Daha önce görev yaptığım bir yerde bizzat şahit olduğum bir hususu paylaşmak istiyorum.
Çalıştığım ilçeye bağlı belde belediyelerinin birinin belediye başkanı ve bazı çalışanları yapılan usulsüzlüklerden dolayı tutuklandı. Hüküm giydi.
Yerel seçimlere az kalmıştı. Tutuklanan belediye başkanının kardeşi aynı beldeye belediye başkan adayı oldu.
Bu durum hem ilgimi çekti hem de garibime gitti.
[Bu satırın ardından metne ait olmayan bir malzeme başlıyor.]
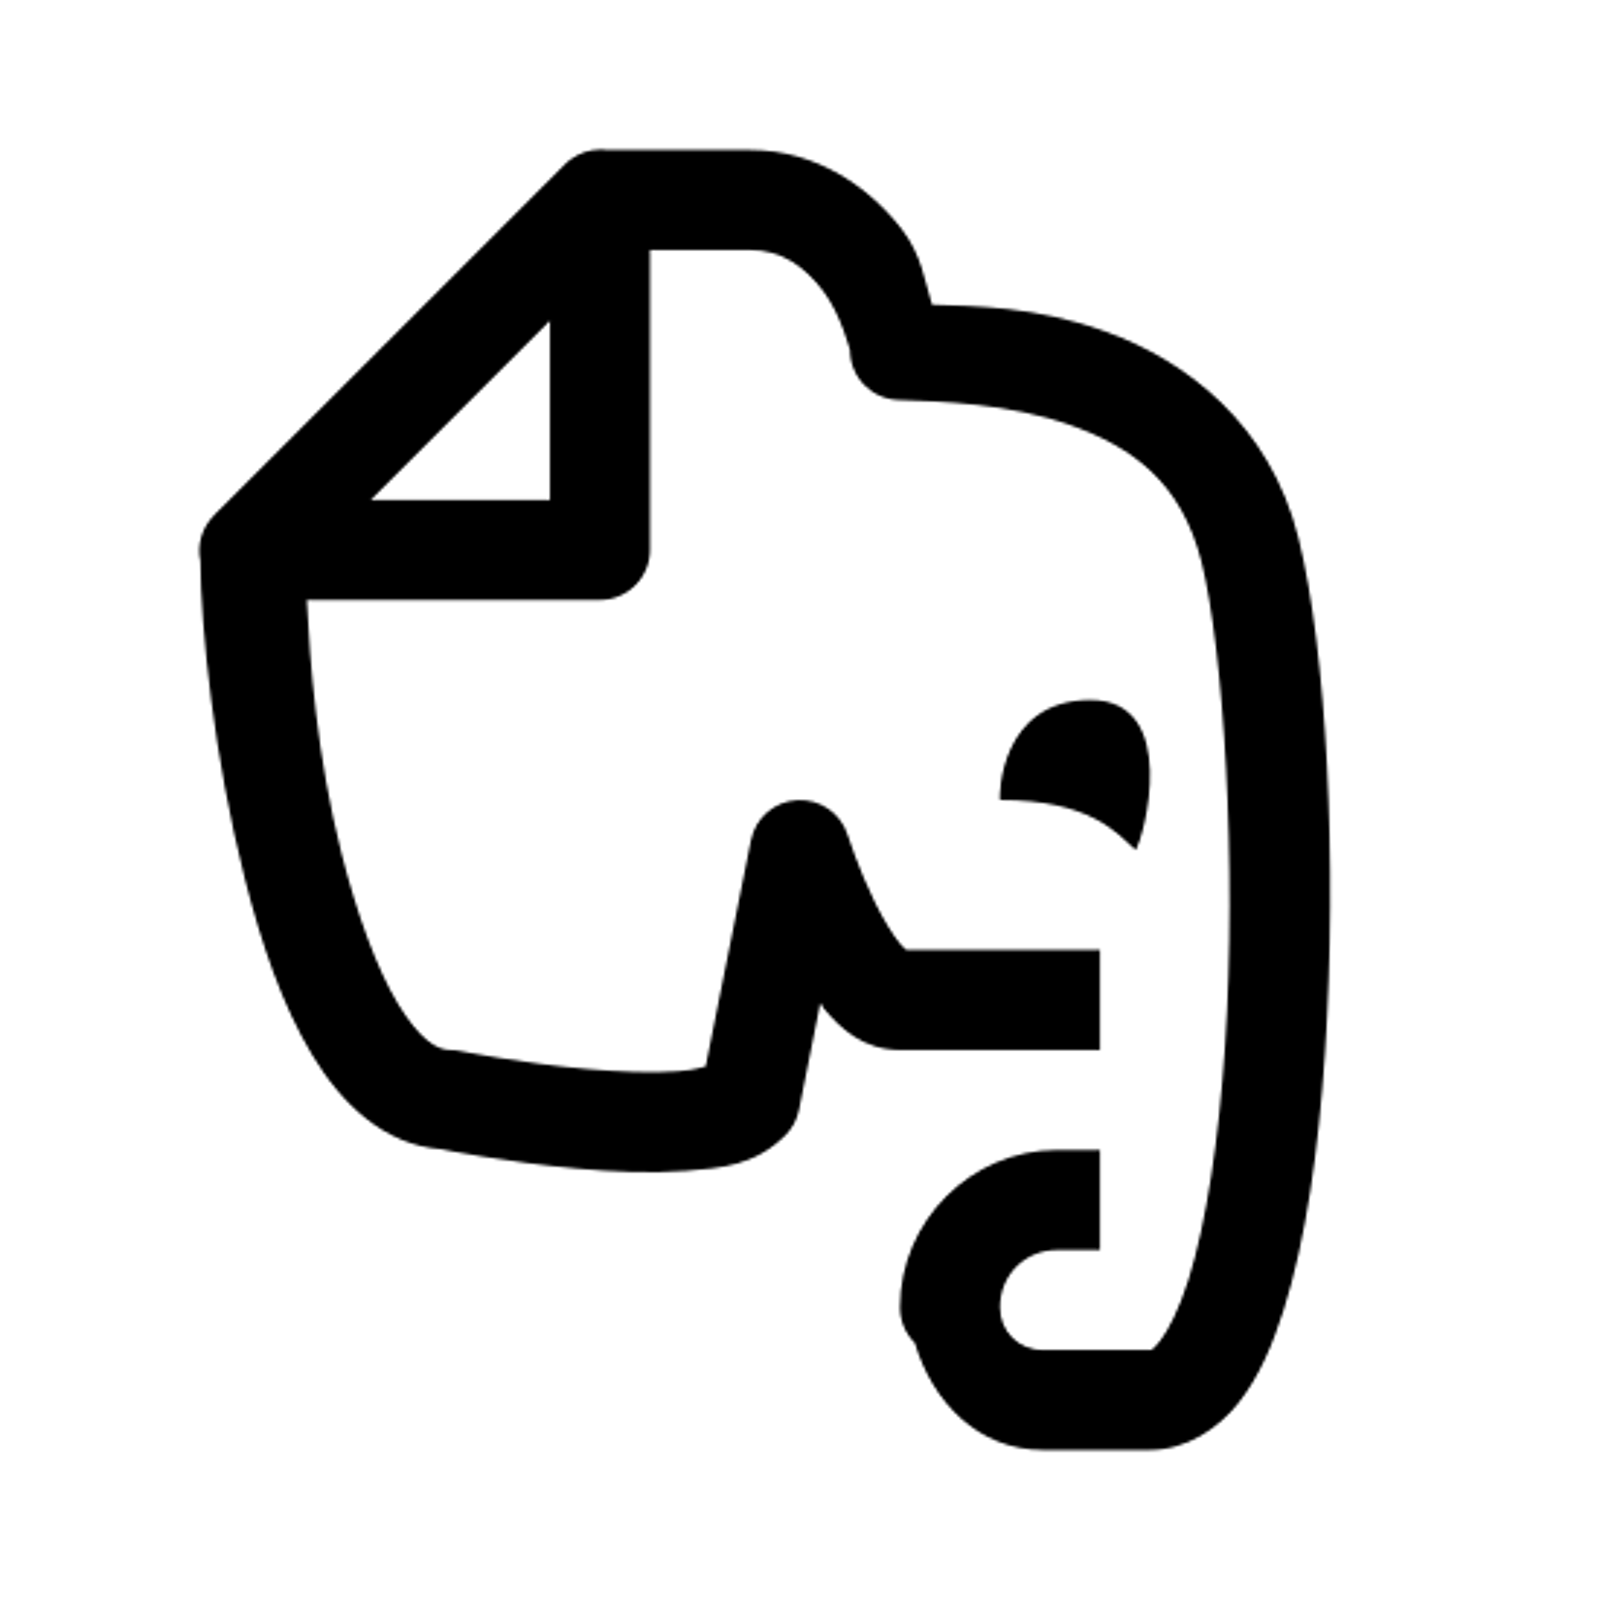 Иконка evernote - скачать бесплатно в PNG и векторе fd10c20a97d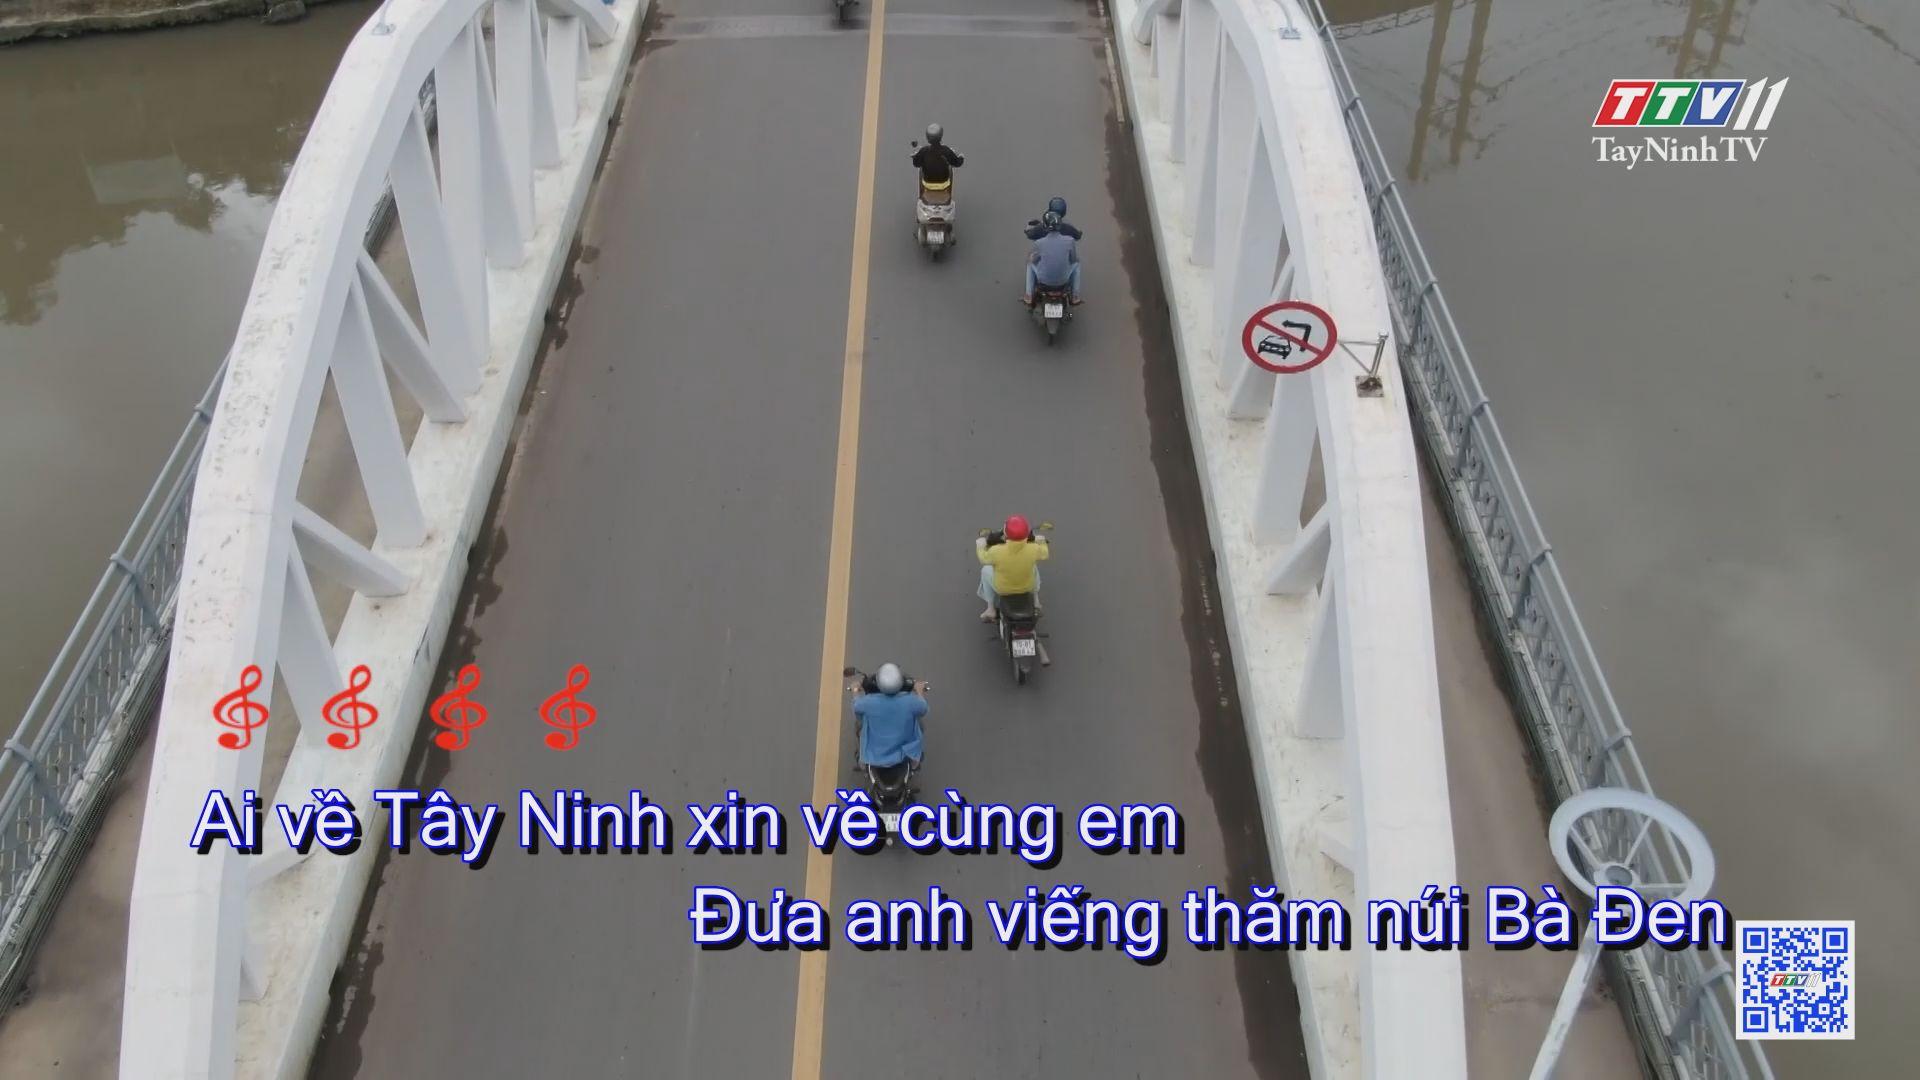 Ai về Tây Ninh KARAOKE | Tuyển tập karaoke Tây Ninh tình yêu trong tôi | TayNinhTV

Onun için özellikle takip ettim.
Seçim yapıldı. O beldede tutuklu belediye başkanının kardeşi belediye başkanı seçildi.
Öğrenci velim olan ve samimi olduğum kasaba sakinleri ile görüştüm.
Dedim ki; “sizin bu işinize akıl-sır ermiyor.”
Neden Hocam dediler?
“Abisi yolsuzluktan tutuklanan belediye başkanının kardeşini belediye başkanı seçtiniz.” Dedim.
Dediler ki; “Hocam (seçtikleri belediye başkanının ismini zikrederek) Ahmet O ailenin ayrıcalıklı kişisidir.”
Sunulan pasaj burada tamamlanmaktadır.